I agree that most remastered jazz cds sound very good, as do most new jazz issues. Jazz has not been utterly corrupted like most mastering of pop and rock music. But, if you ever heard some of the original Atlantic, Impulse and Bluenotes, for example, or the Analogue Productions and other highend lp reissues, there is a little more THERE, there.
We are both not big fans of high powered pentode and tetrode amps. To me, most listeners would be better off with some of the better solid state stuff, such as Ayre or D'Agostino, if they need that much power.
Yes I'm aware of good original vinyl and own a nice amount of them. I took a few of my albums to a good friend's home today and we listened to them and some CDs. He has a Basis Debut TT and just installed his new Basis Superarm 9 with his trusty ZYX UNiverse II cartridge. This arm is definitely a step above his vector arm (and that was a good arm!). His analog front end is making superb quality sound, however he also produces truly excellent sound with his Mod Wright modified Oppo 105 as well. He has it covered in both formats and we heard some beautiful natural sounding jazz today.
One thing I can say for sure, the new tube amp makes one of my Claude Bolling CDs sound fantastic compared to my solid state receiver. It was one disk that I always wished was recorded better and it turns out that the tube amp was the key. Possibly something to do with being an originally analog recording. Very fun.
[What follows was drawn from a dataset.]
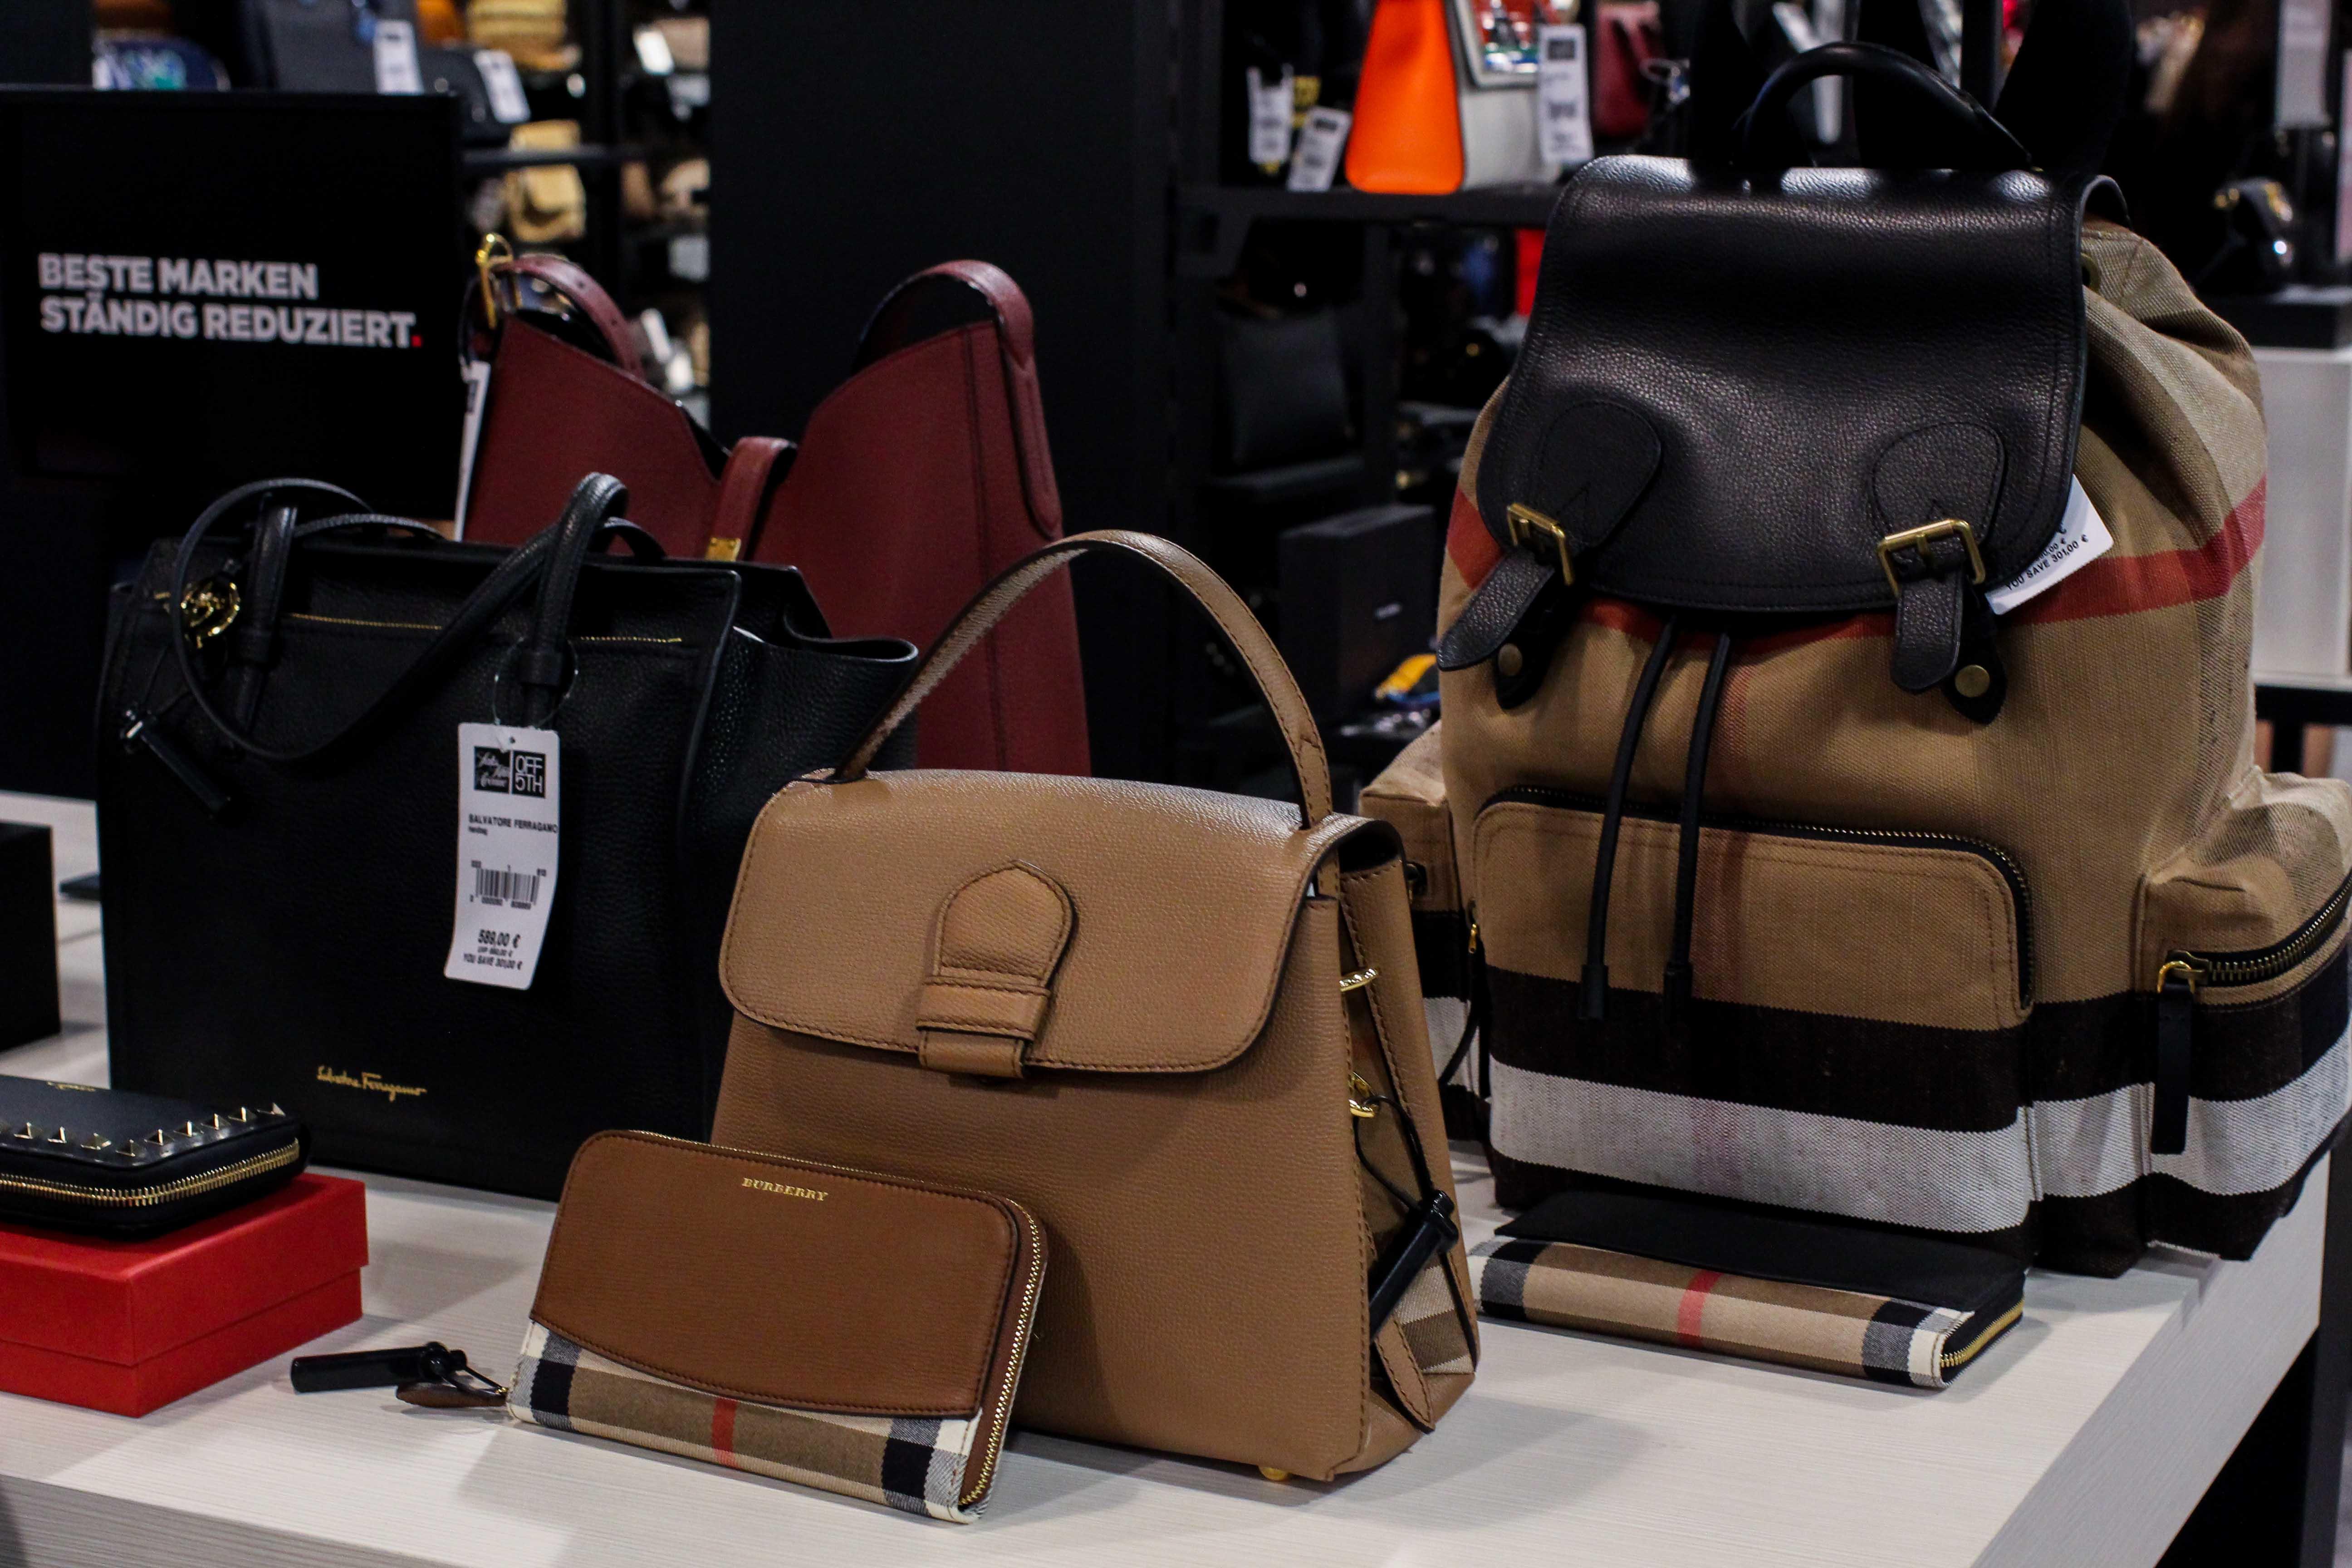 Burberry Taschen Rucksack Store Opening Saks OFF 5th Avenue Bonn Premium-Marken Outletpreis Designer Outlet Bonn Modeblog

I don't think it has much to do with the fact that it is an analog recording but the pedigree of the the SS receiver as there are quite a few out there that can bring out the best in a CD. Also, the tube amp you have is most certainly imparting a bit of tube flavor to smooth out the digital artifacts of the CD that are being highlighted by the receiver.
This is not to knock the receiver but to point out what others have been posting all along: there are way too many variables involved to able to say anything definitively, or even in general, as say, a rule of thumb.
Here is something that won't clear things up but rather, add another perspective:http://6moons.com/audioreviews/psaudio7/perfectwave.html.
You don't have to read the whole review, just the first few pages to get an idea of how a CDP isn't really all that digital after all.
The deeper you go into this hobby, the more you'll come across the same tracks but from a different direction. The good thing about it is the end of the path is always were it should be.
Enjoy and all the best,
The interesting thing about the Claude Bolling CD is that it is fairly unique in my collection because it is one that I've always wished had a better recording when my system did wonders with the majority of my music. I'm not judging all tube or solid state gear based on my two pieces of equipment, but it's becoming very clear that the Yaqin integrated is far superior to the Integra receiver.
I'm sure it's a combination of the differences between tubes and solid state, integrated vs. receiver, and a host of other factors. What I can say is that this tube amp would make my next choice a lot more difficult because I'd have more options to consider.